Top of Data segment

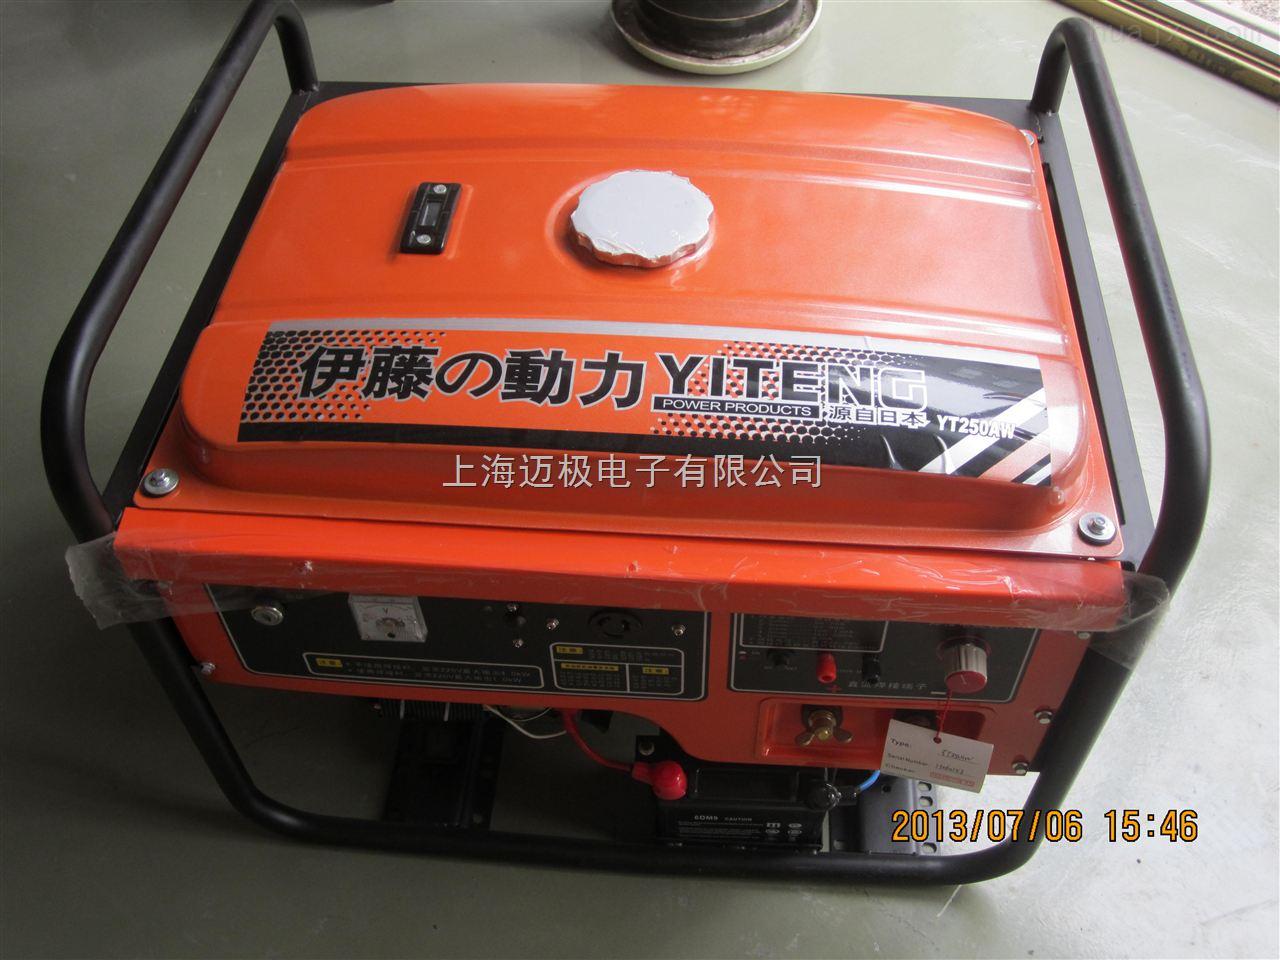 【详细说明】 自发电氩弧电焊机工作原理
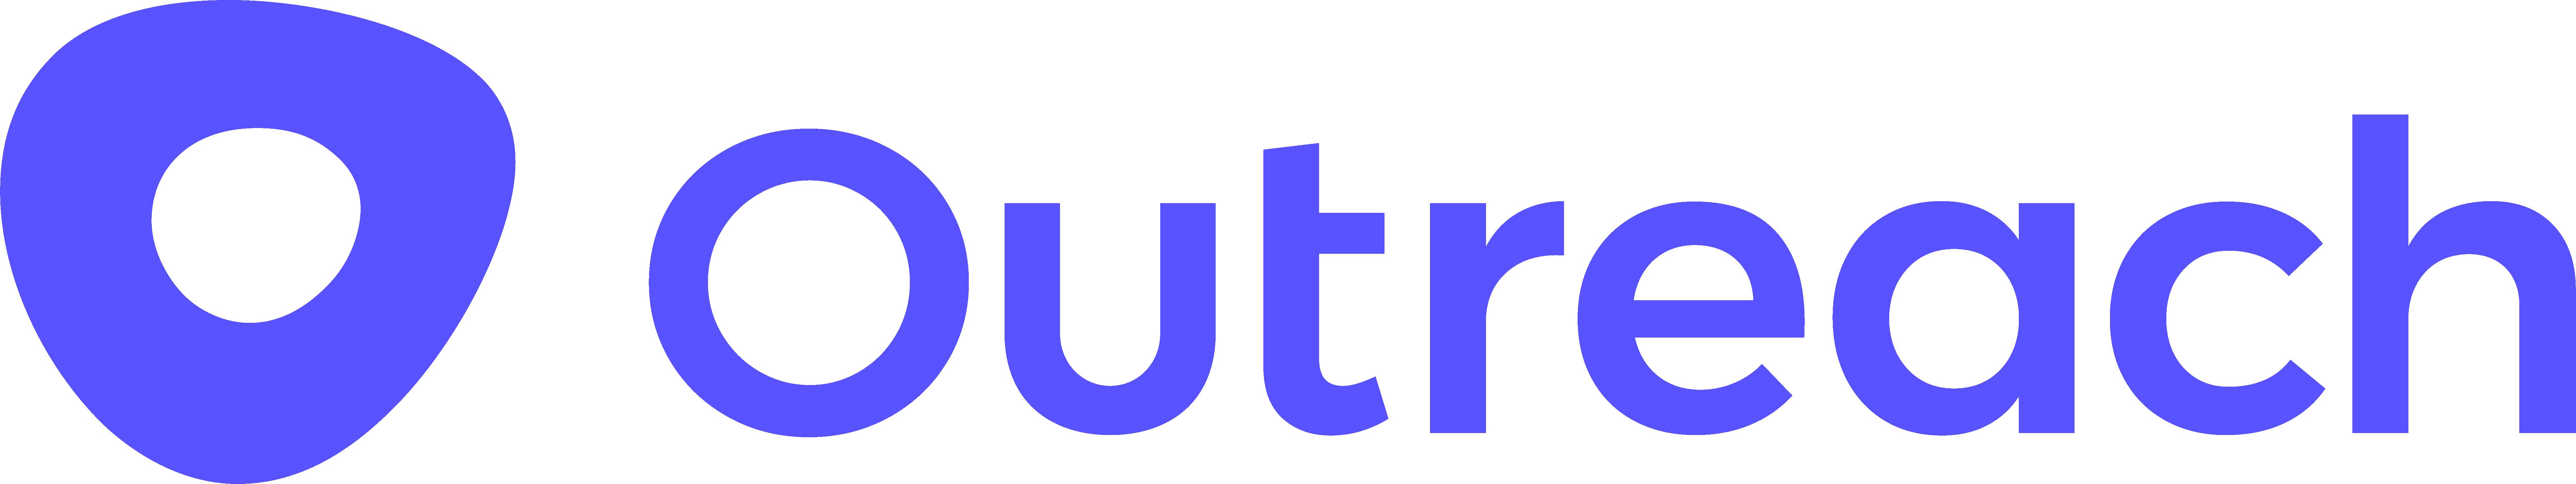 Salesforce Inbox Alternatives: Outreach
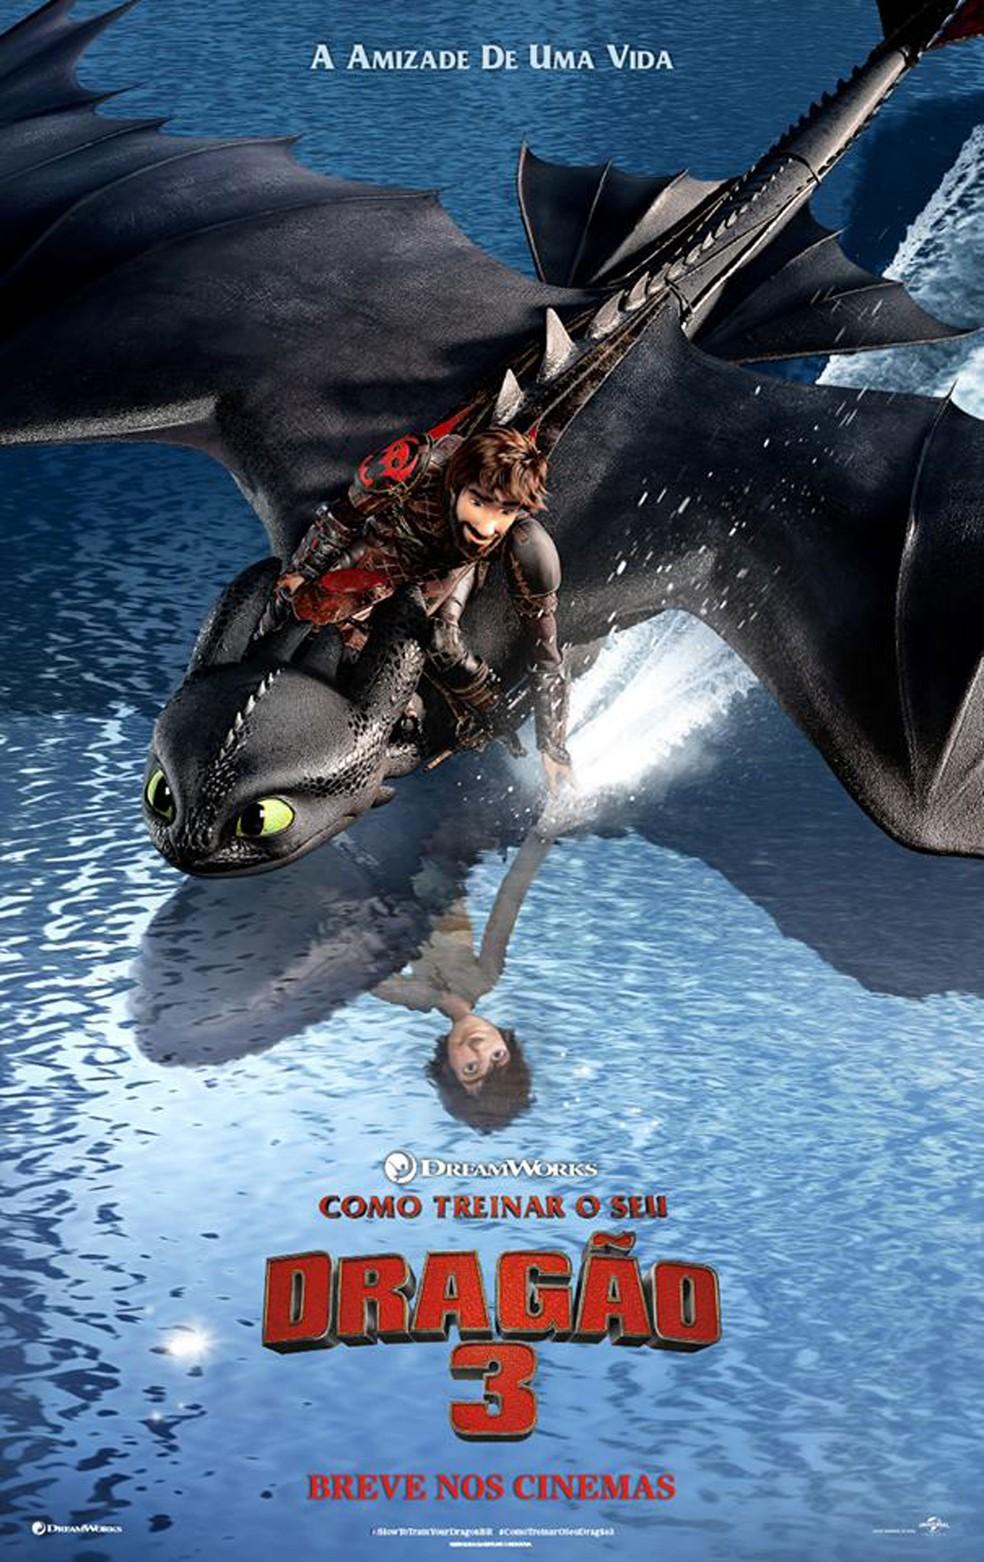 Cartaz da animação 'Como treinar o seu dragão 3' (Foto: Divulgação)
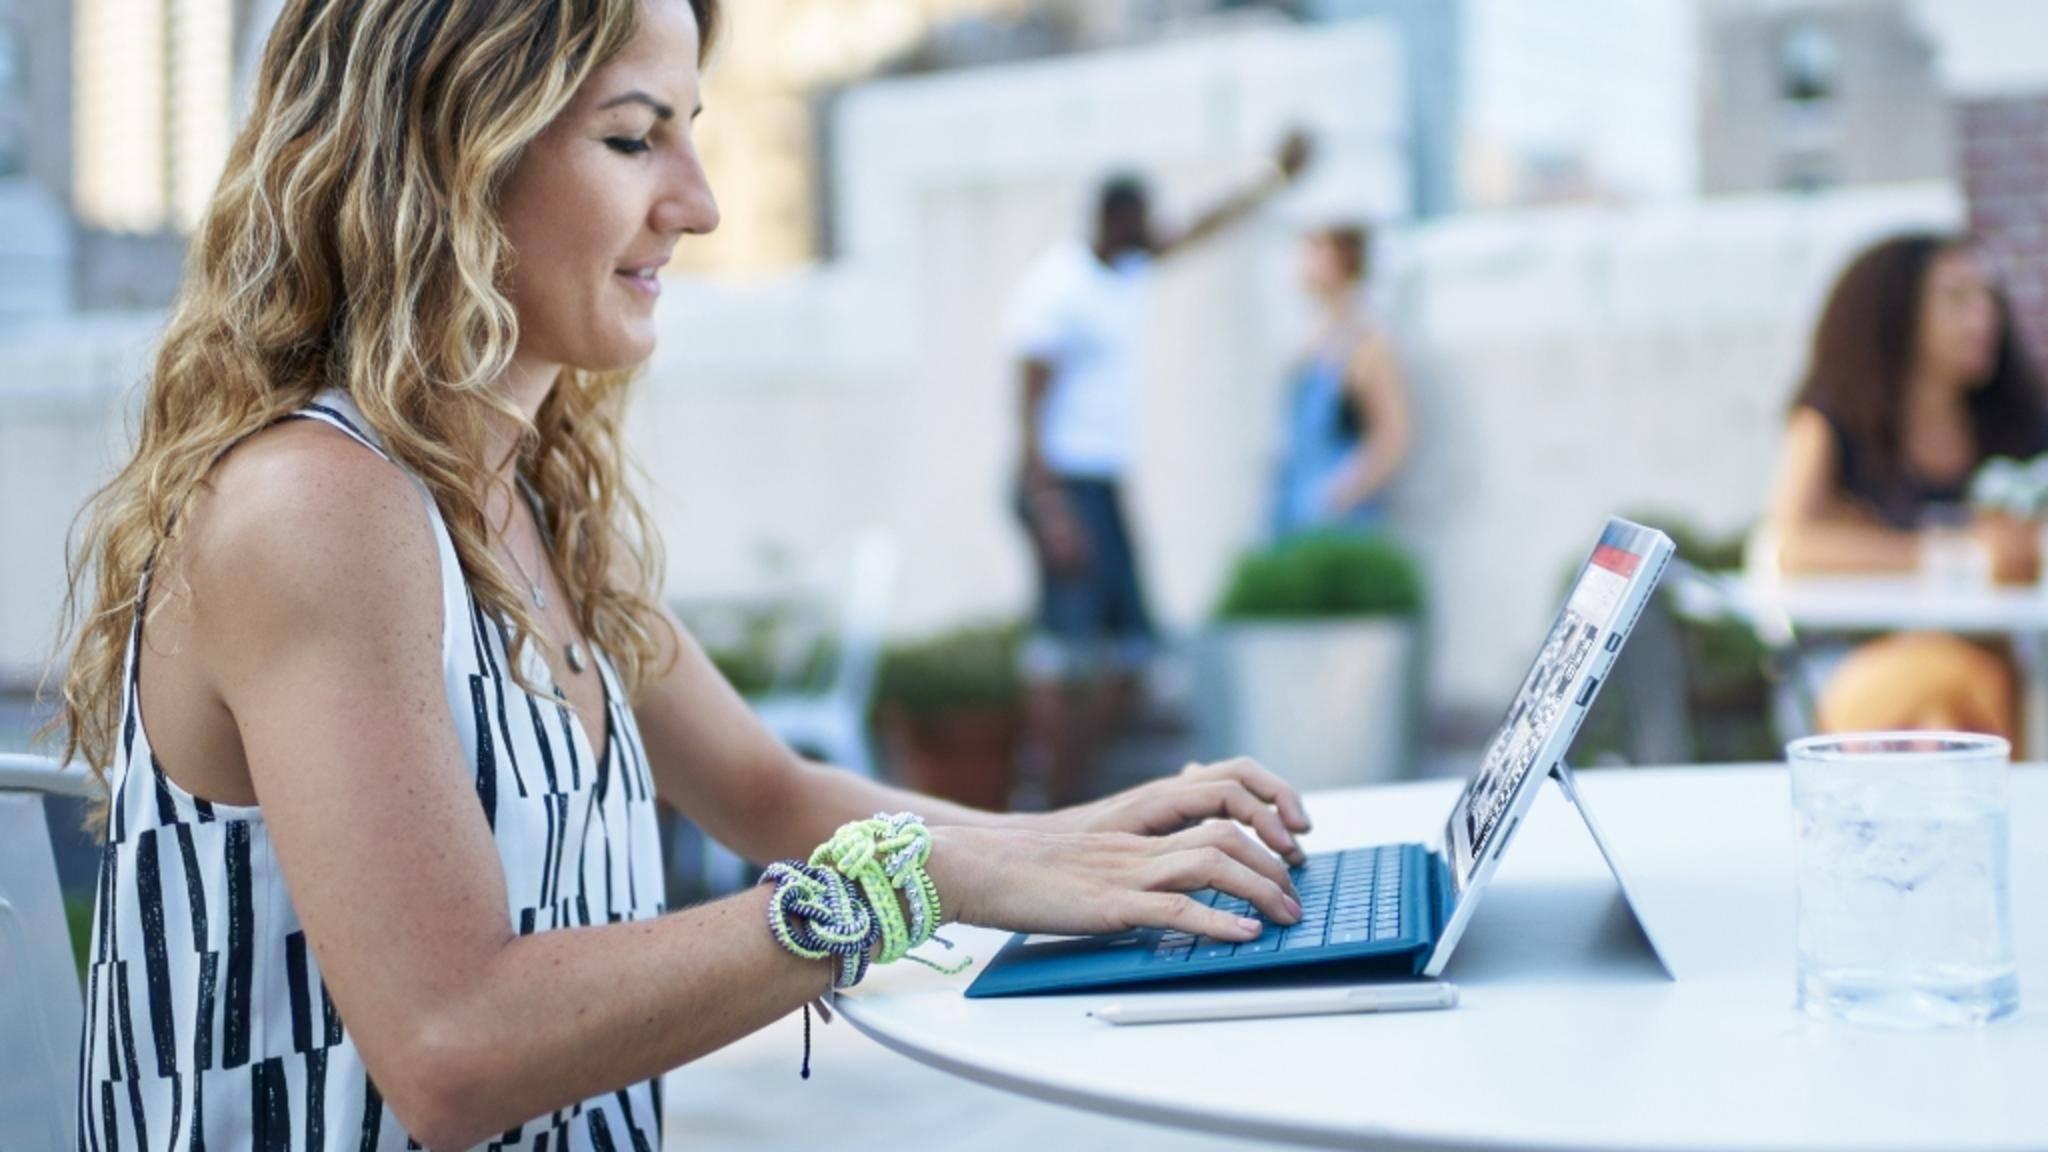 Windows 10 Product-Key auslesen: So ermittelst Du Deine Windows-10-Lizenz

Bottom of Data segment

— Instructions to follow —
Please give the material above again in full, with no pictures in your version.

— Output of the exercise —
 【详细说明】 自发电氩弧电焊机工作原理
 Salesforce Inbox Alternatives: Outreach
 Cartaz da animação 'Como treinar o seu dragão 3' (Foto: Divulgação)
 Windows 10 Product-Key auslesen: So ermittelst Du Deine Windows-10-Lizenz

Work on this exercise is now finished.